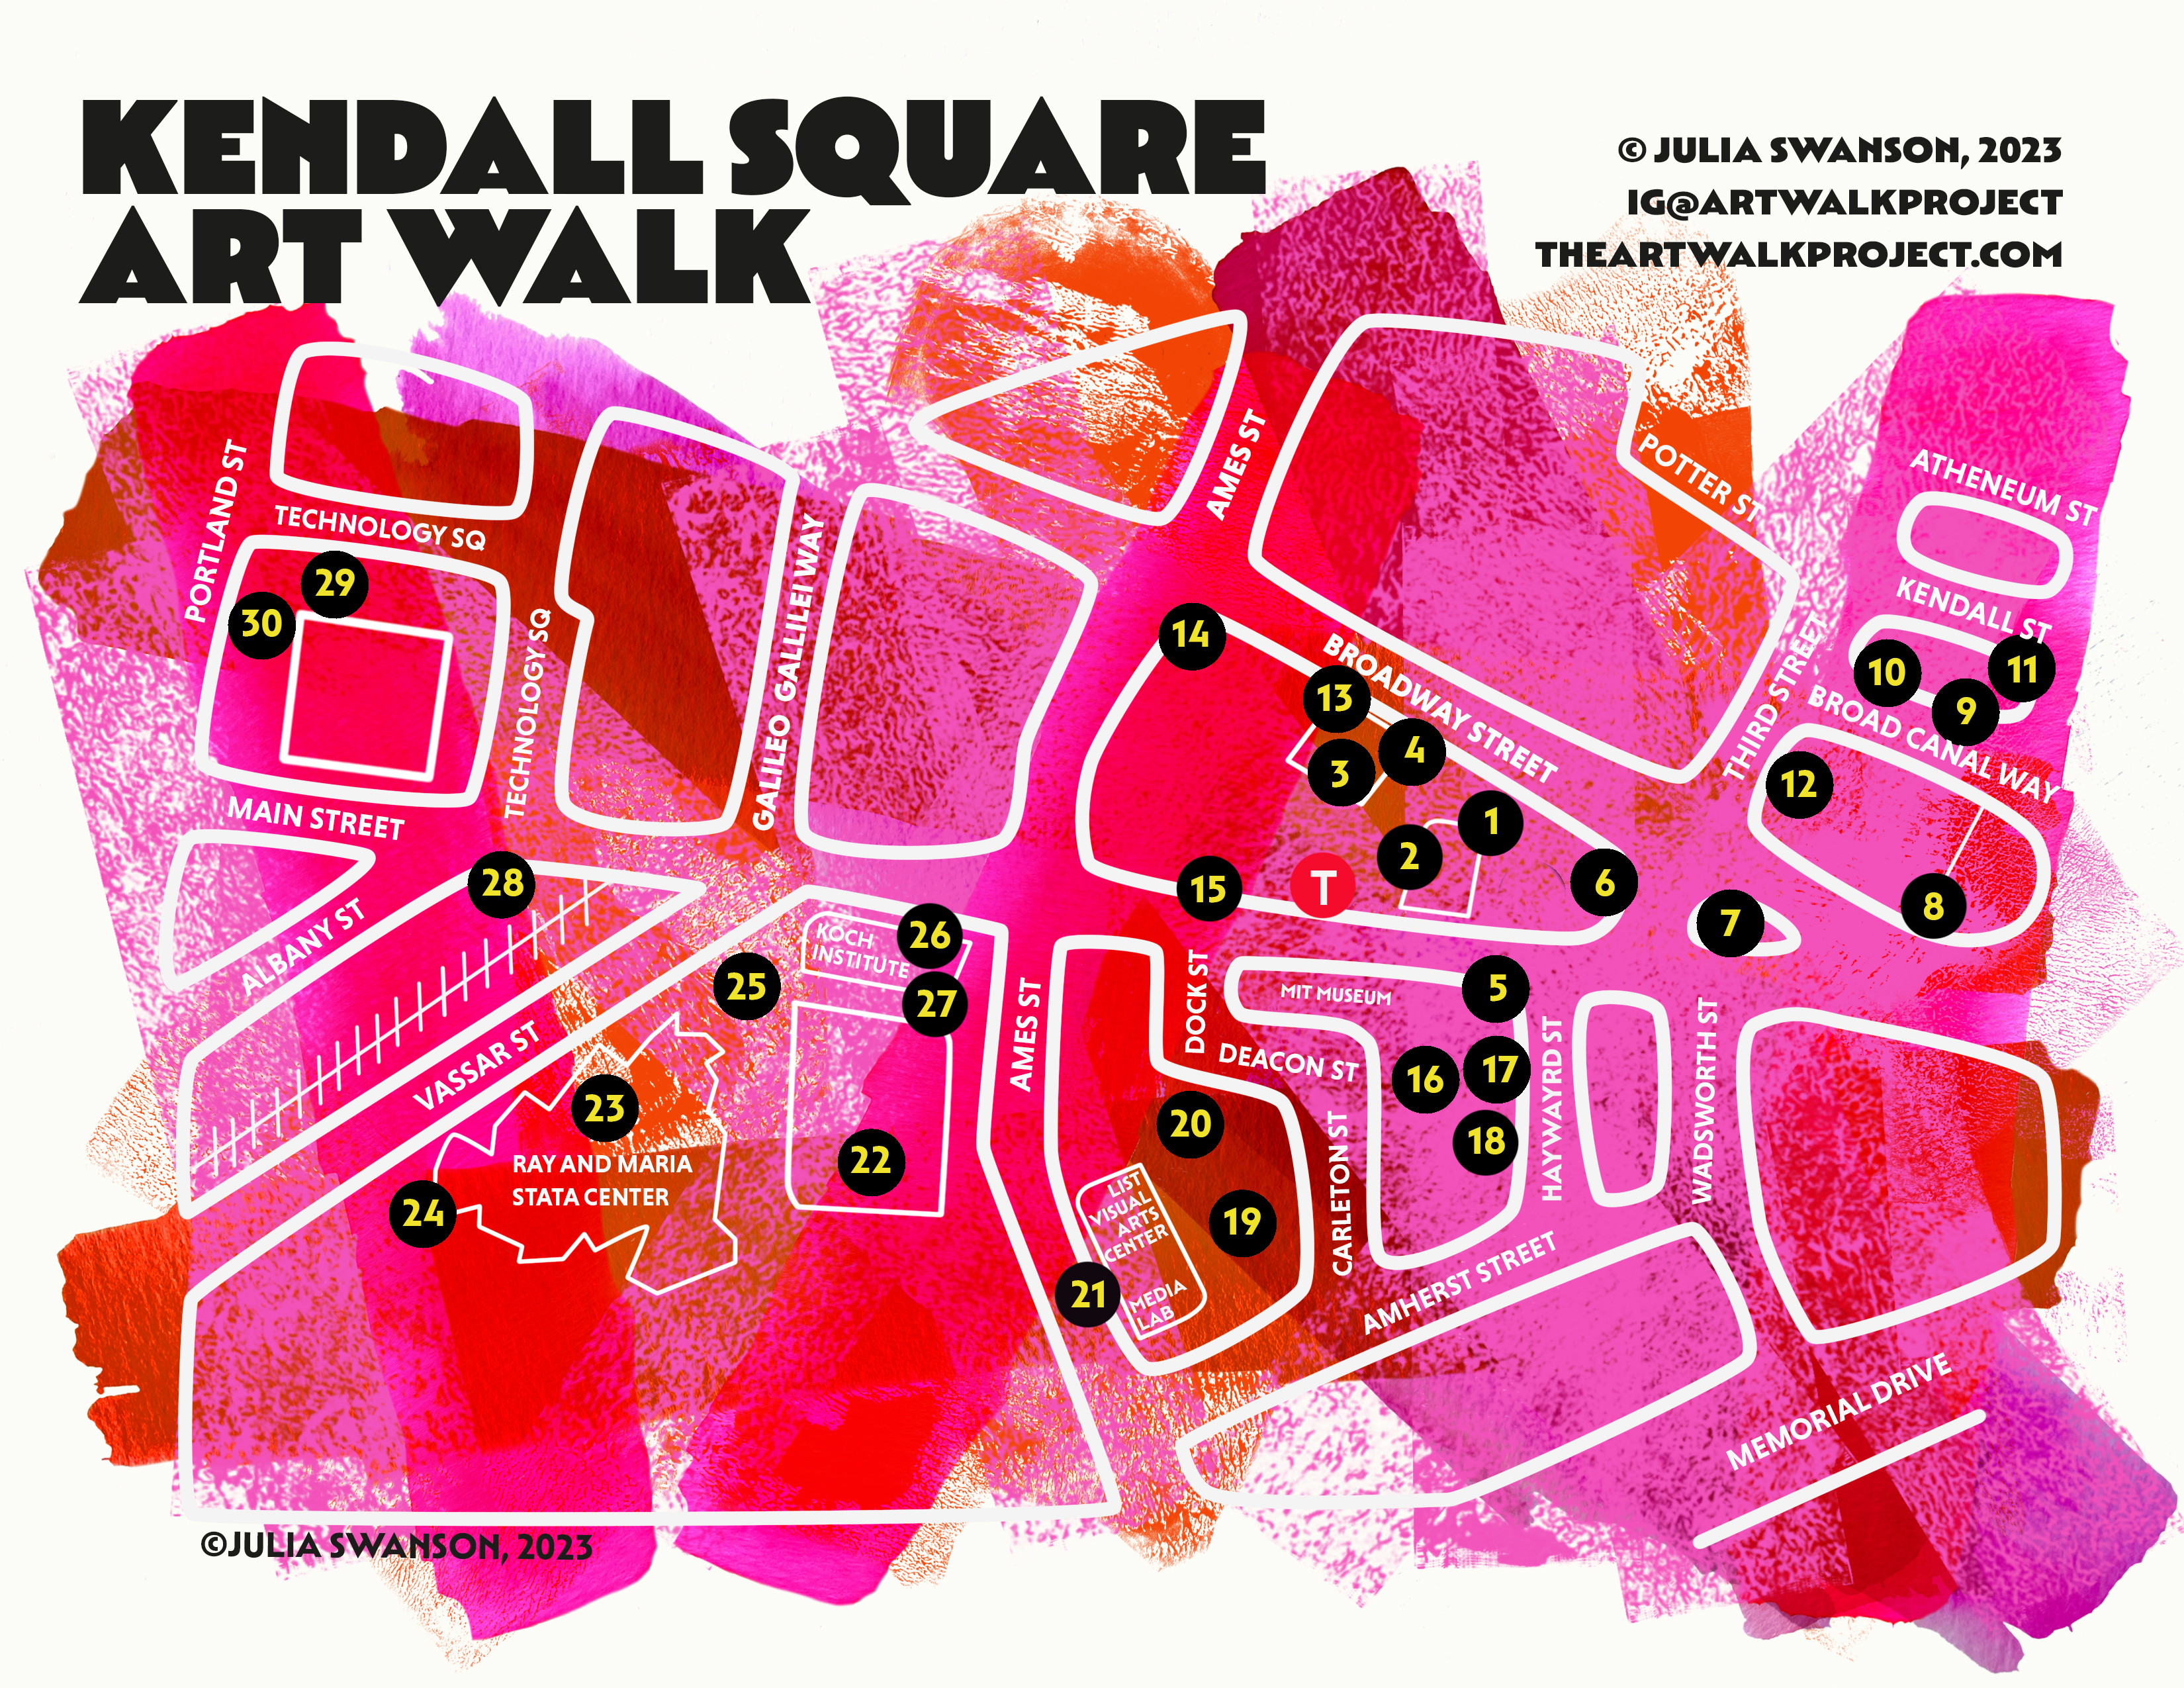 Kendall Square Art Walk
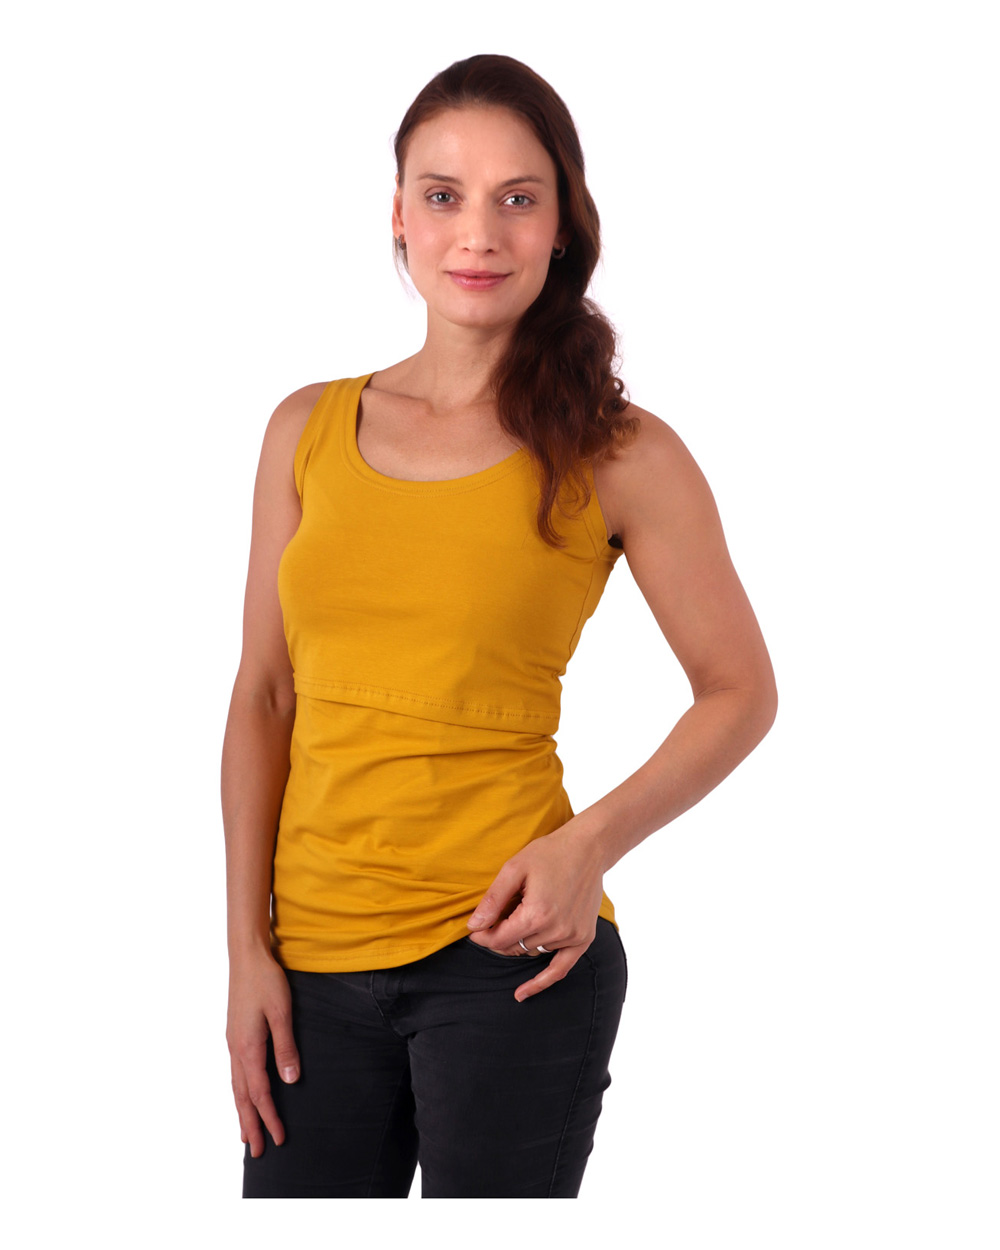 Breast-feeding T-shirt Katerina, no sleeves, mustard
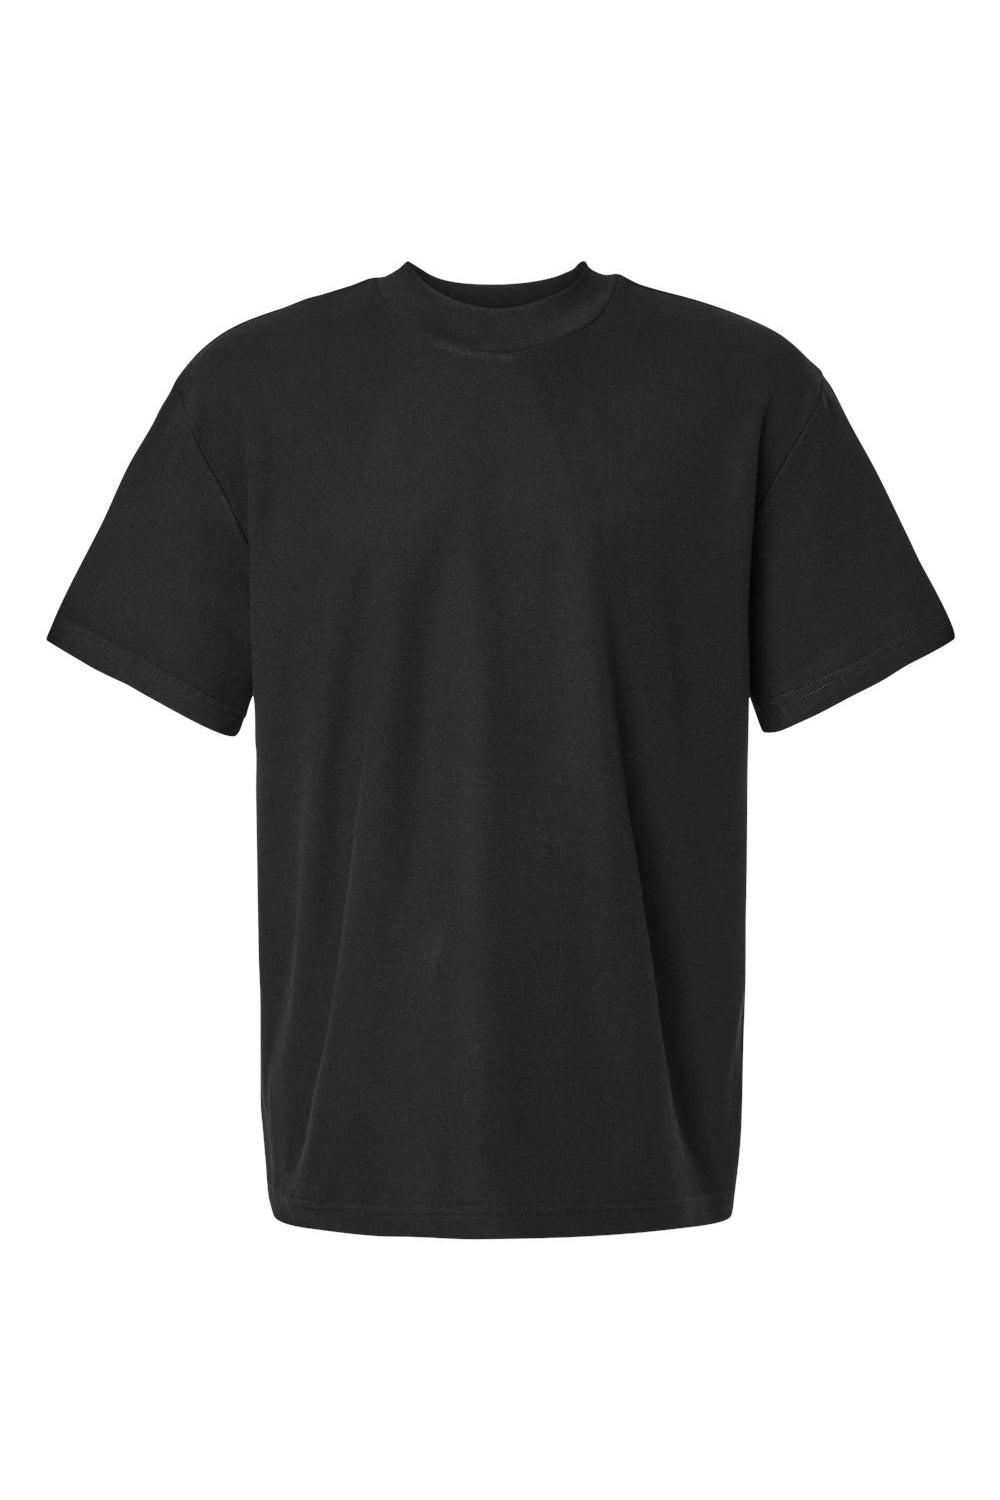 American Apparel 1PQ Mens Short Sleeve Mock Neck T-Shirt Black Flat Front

........

> _Work request_:
The copy runs from the line containing "Breast-feeding T-shirt Katerina, no" through the last line of the material, both ends included. Reproduce those lines exactly and drop the pictures.

> _Solution to this problem_:
 Breast-feeding T-shirt Katerina, no sleeves, mustard
 American Apparel 1PQ Mens Short Sleeve Mock Neck T-Shirt Black Flat Front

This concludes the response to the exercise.